The majority of students will not be asked to pay the advertised price of a school. Instead, they will be provided a financial aid package that will include a combination of scholarships, grants, loans, and work-study. The price tag of going to The University of Montana can appear tremendous, but do not forget that almost all students obtain some kind of financial help.
Just what financing solutions does UM deliver, and just what are you going to be eligible for? Keep scrolling for answers. Scroll down to learn what amount of financial assistance will be accessible to you.
Your financial aid package, which may contain grants and scholarships, will be determined on your financial need. The information provided on this page can help you determine how much aid you may receive from The University of Montana.
Aid such as grants, loans, work-study, and scholarships helps colleges decrease the real cost of attendance for most students. Bear in mind that not all aid is equal, and the amount any one student receives can vary widely.
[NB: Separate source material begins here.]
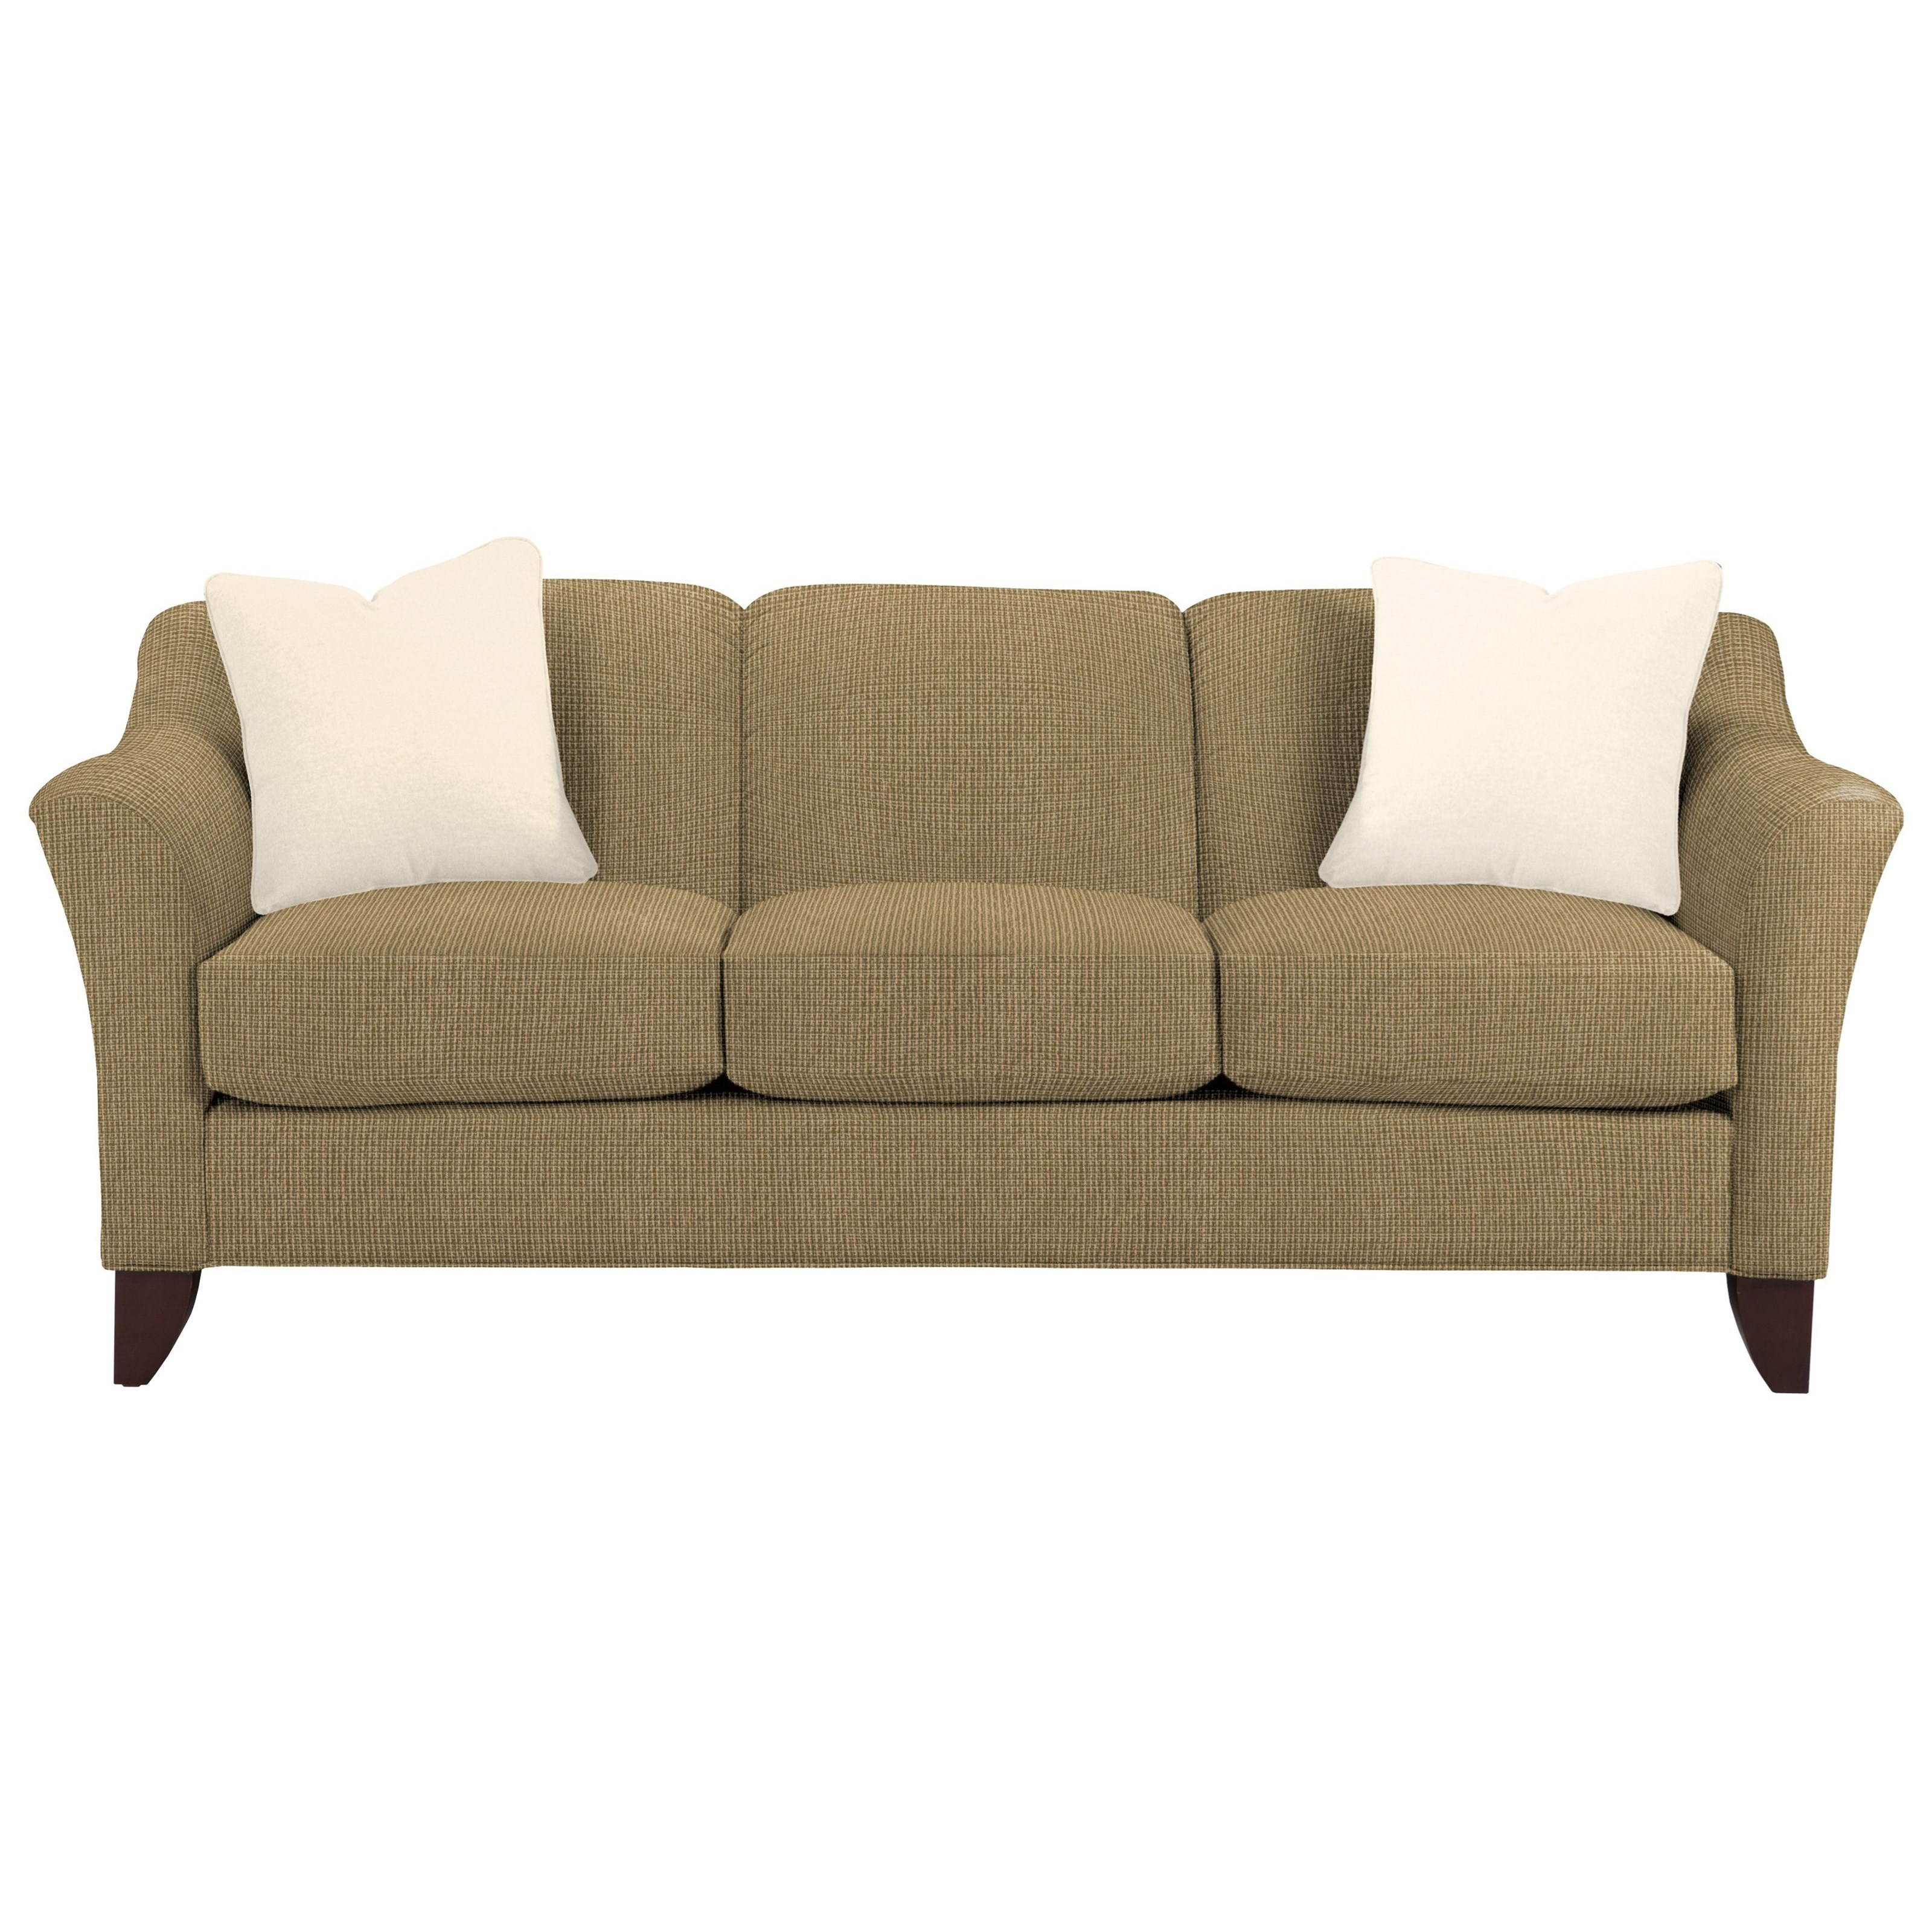 7844 Stationary Sofa by Hickorycraft at Johnny Janosik

For incoming first-year students at The University of Montana, 91% of new full-time first-years were awarded at least some aid approximately 1420 new students).
| Type of Aid | % of Freshmen Receiving | Average Amount |
|---|---|---|
| Grant or scholarship aid (all sources) | 83% | $9,799 |
| Institutional grants & scholarships | 75% | $7,862 |
| Federal Pell grants | 33% | $5,446 |
| State/local grants | 16% | $2,502 |
| Federal student loans | 48% | $5,306 |
Because grants and scholarships do not have to be repaid, they are the most sought-after type of financial aid. At UM, about 66% of the undergraduate population received grant aid that averaged $7,975 (across approximately 4970 undergraduates).
| Award | % of Undergrads Receiving | Average Amount |
|---|---|---|
| Grant or scholarship aid (all sources) | 66% | $7,975 |
| Federal Pell grants | 28% | $5,382 |
| Federal student loans | 41% | $7,498 |
For on-campus title-IV students, average grant aid came to $6,786.
The figures below show the average net price — cost after all grant and scholarship aid — broken out by family income.
| Family Income | Average Net Price |
|---|---|
| $0 – $48,000 | $14,835 |
| $30,001 – $75,000 | $16,777 |
| Over $75,000 | $19,928 |
These figures reflect what title-IV aid recipients pay after grant and scholarship aid is applied.
After grants and scholarships come off the published price, what remains is the net price — the best estimate of true out-of-pocket cost.
| Cohort | Average Net Price |
|---|---|
| On-campus title-IV students | $16,784 |
| Off-campus title-IV students | $17,118 |
For a personalized estimate based on your family’s financial situation, use UM’s online cost calculator: www.umt.edu/finaid/cost-of-attendance/net-price-calculator/default.php.
The middle student in the debt distribution at UM owes $15,000 in federal loans.
| Metric | Amount |
|---|---|
| Median federal debt (all student-aid borrowers) | $15,000 |
| Median federal debt (graduates only) | $22,400 |
| Typical 10-year monthly payment (graduates) | $237.48/mo |
At a typical 10-year repayment schedule, the median graduate would pay about the monthly figure above.
The median alone does not show how widely outcomes vary across the student body. The percentiles below describe the cumulative federal debt distribution for borrowers at UM.
| Percentile | Cumulative Federal Debt |
|---|---|
| 10th percentile (lowest-debt students) | $3,250 |
| 25th percentile | $5,500 |
| 75th percentile | $26,806 |
| 90th percentile (highest-debt students) | $39,599 |
Debt outcomes are not uniform — they shift with income, first-generation status, and dependency.
By Family Income
| Income tier | Median federal debt |
|---|---|
| Low income | $16,355 |
| Middle income | $15,000 |
| High income | $13,000 |
First-Generation Comparison
| Cohort | Median federal debt |
|---|---|
| First-generation students | $15,500 |
| Continuing-generation students | $13,750 |
Dependency-Status Comparison
| Cohort | Median federal debt |
|---|---|
| Dependent students | $14,250 |
| Independent students | $16,984 |
These indicators are derived from the underlying debt data and summarize the overall picture at UM.
The Stafford program is the federal direct-loan vehicle most undergraduates use. The aggregate figures below show how active the program is at UM:
| Metric | Value |
|---|---|
| Stafford loan recipients | 41198 |
| Total Stafford loan amount | $947,772,035 |
Military-affiliated students can tap the Post-9/11 GI Bill and DoD Tuition Assistance.
GI Bill volume
| Metric | Value |
|---|---|
| GI Bill recipients | 272 |
| Total GI Bill amount | $1,903,468 |
| Average GI Bill amount per recipient | $6,998 |
Active-duty Tuition Assistance recipients
| Metric | Value |
|---|---|
| DoD Tuition Assistance recipients | 6 |
| Total DoD amount | $17,478 |
| Average DoD amount per recipient | $2,913 |
References
More about our data sources and methodologies.